___ DATA PROVIDED ___
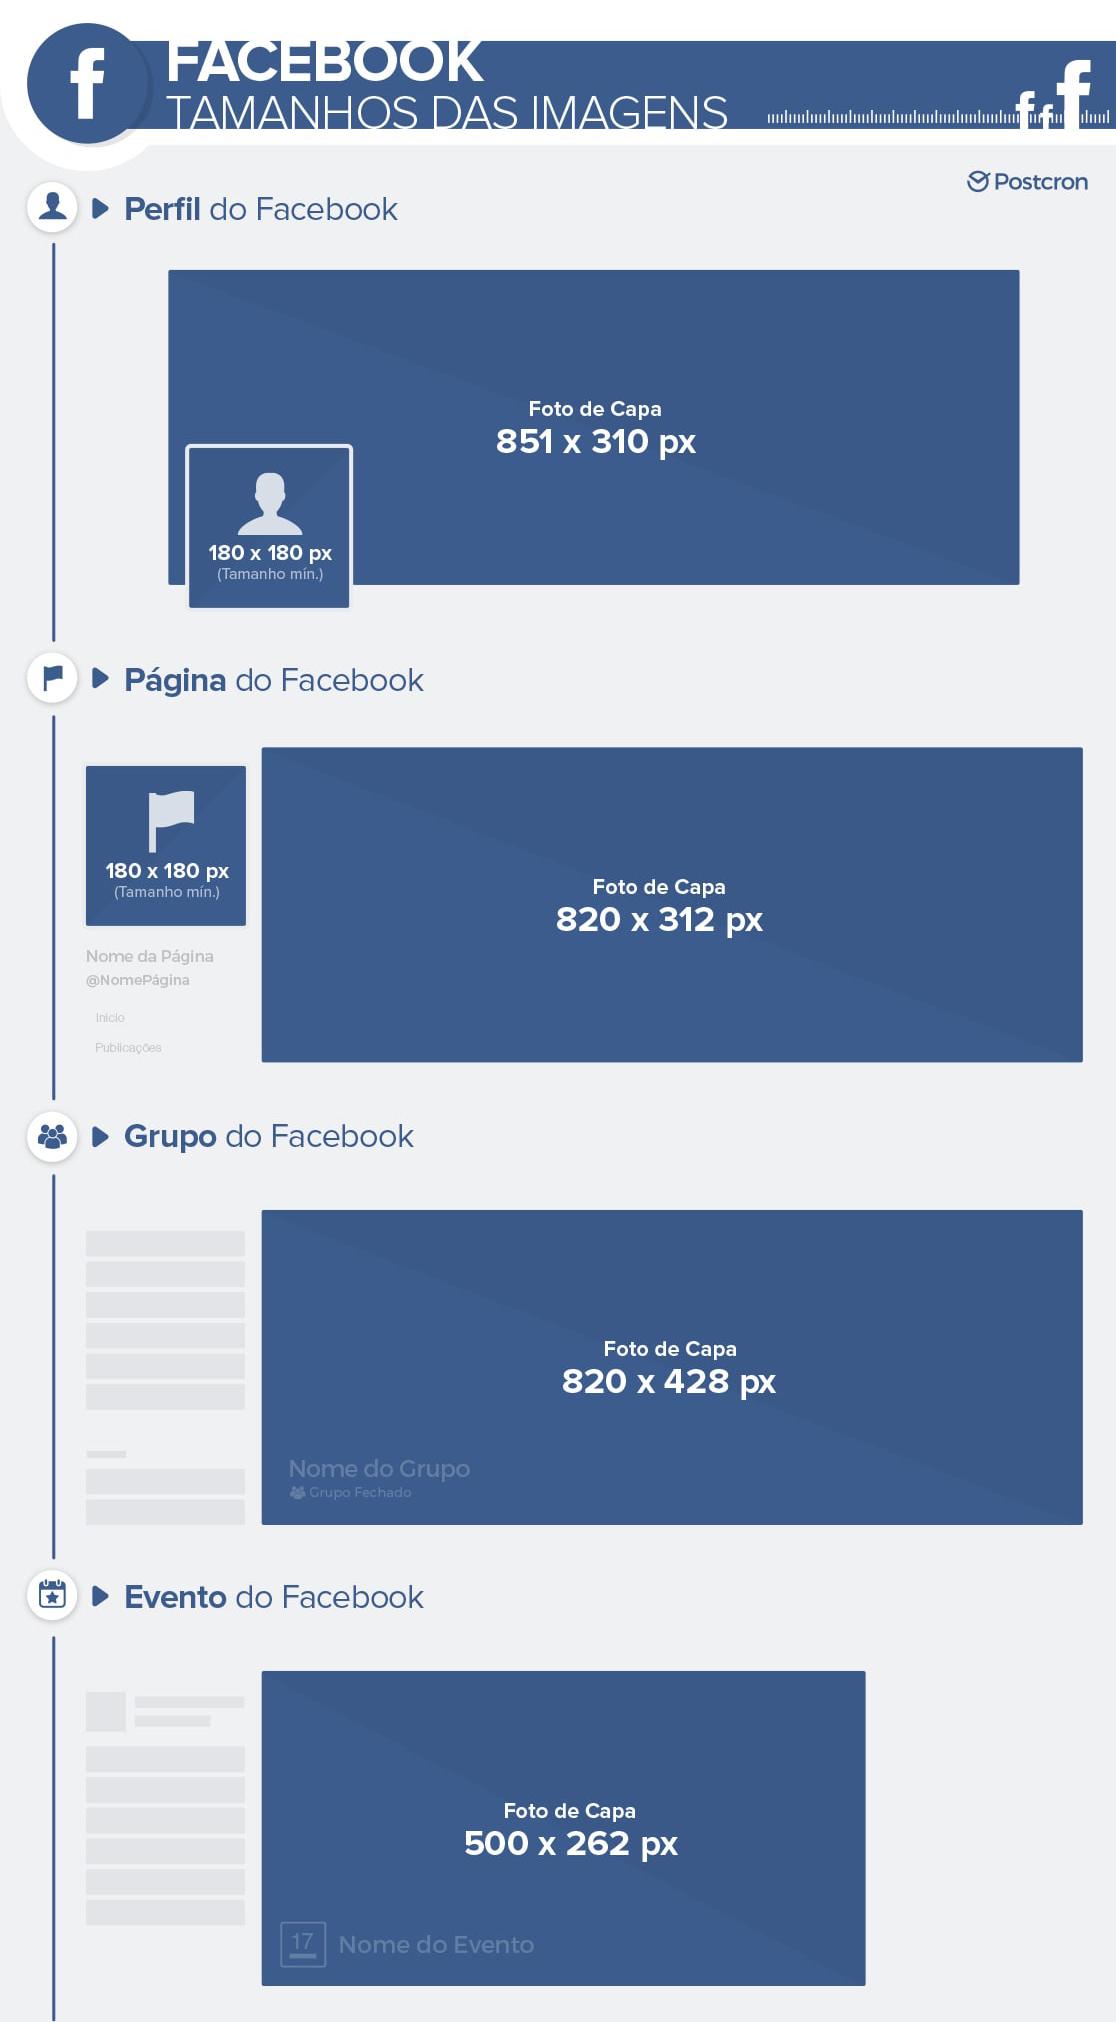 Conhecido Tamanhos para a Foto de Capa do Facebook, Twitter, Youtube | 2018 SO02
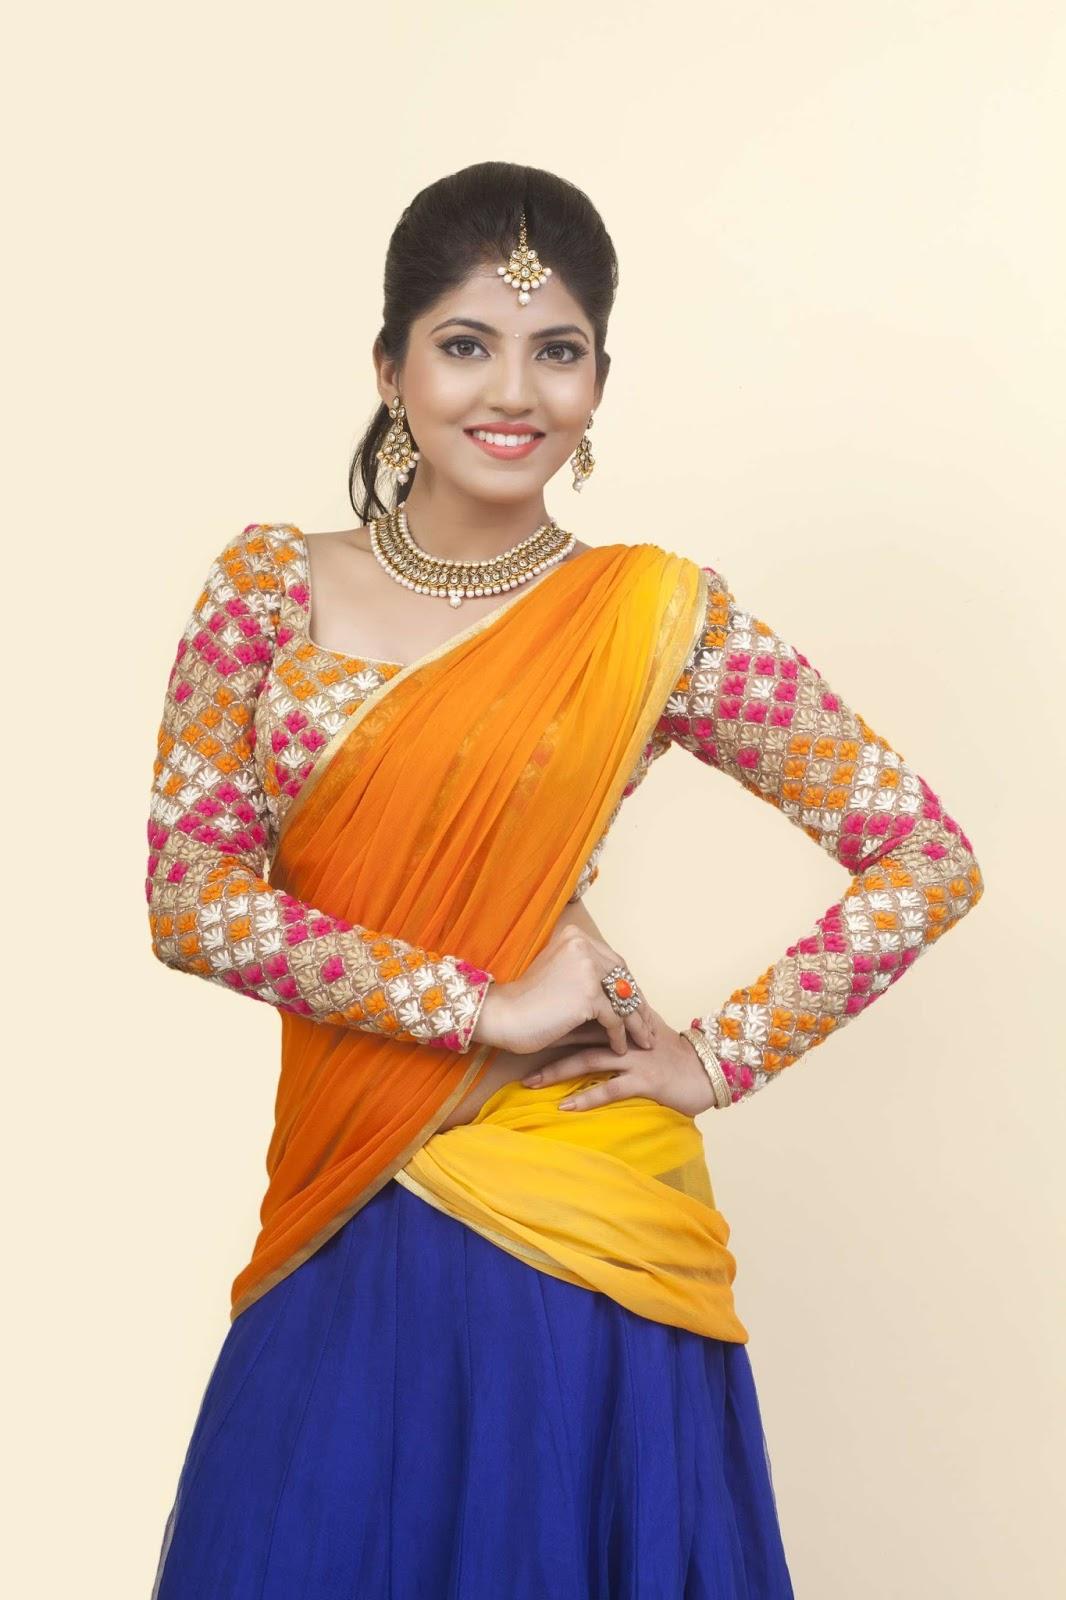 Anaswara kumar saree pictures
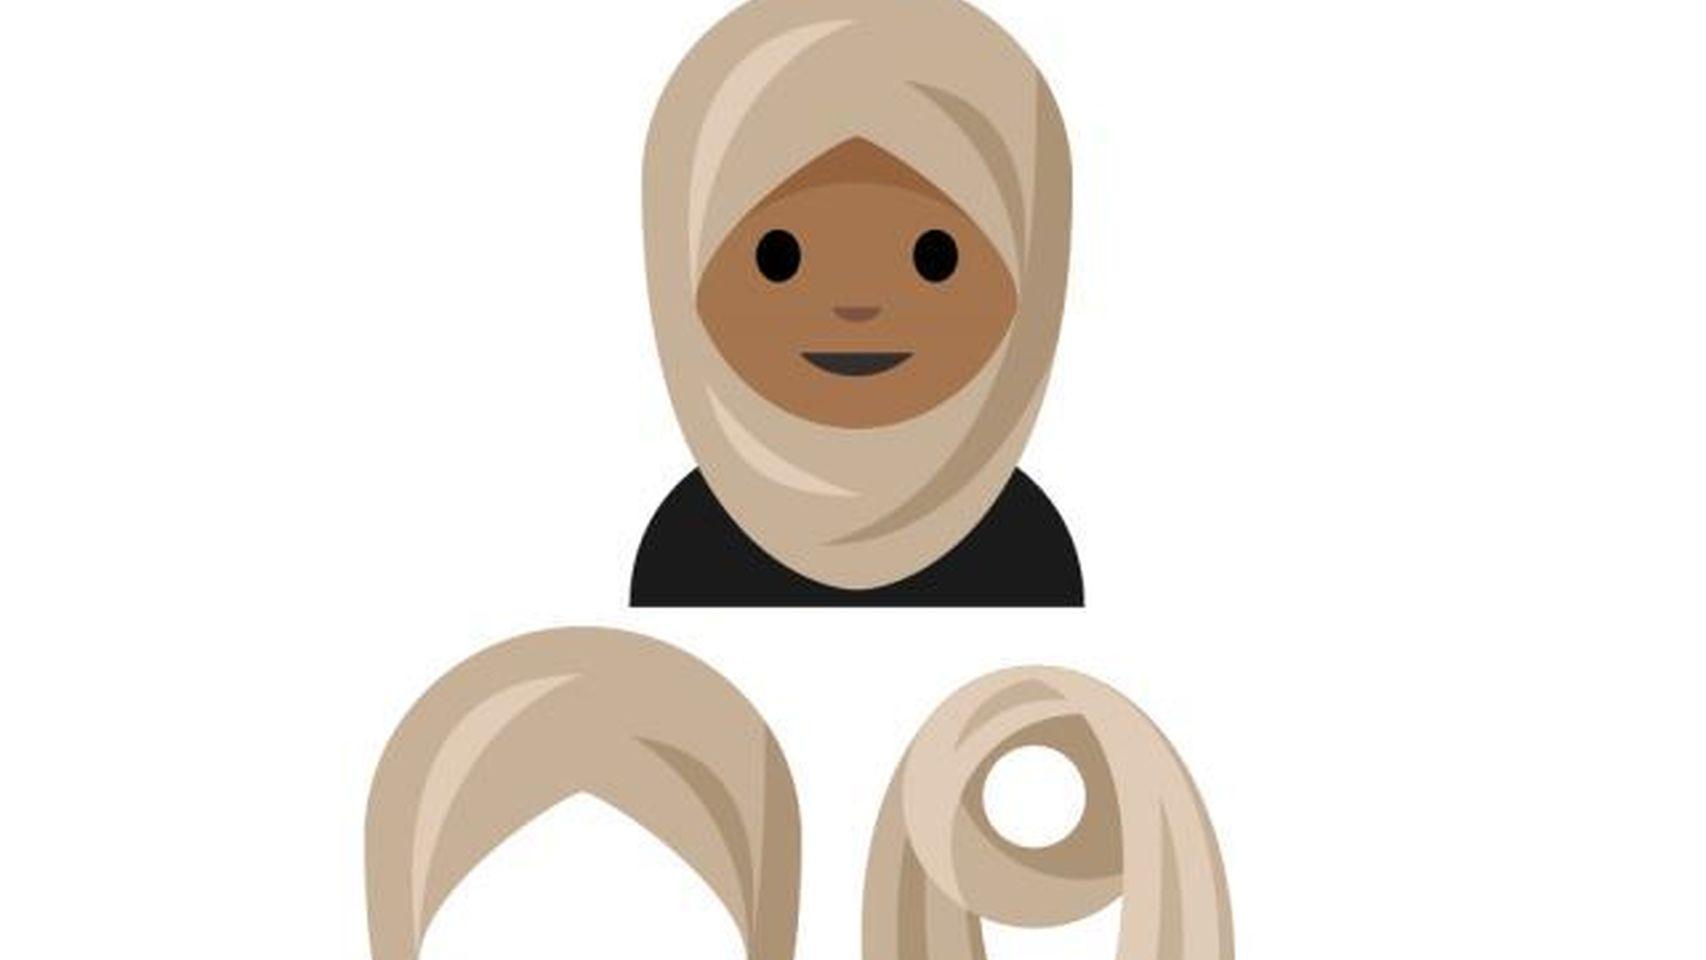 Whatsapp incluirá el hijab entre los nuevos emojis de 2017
___
## THE PROBLEM:
In your transcription of the listing above, match each line exactly and include no pictures.

## SOLUTION TO THIS TASK:
 Conhecido Tamanhos para a Foto de Capa do Facebook, Twitter, Youtube | 2018 SO02
 Anaswara kumar saree pictures
 Whatsapp incluirá el hijab entre los nuevos emojis de 2017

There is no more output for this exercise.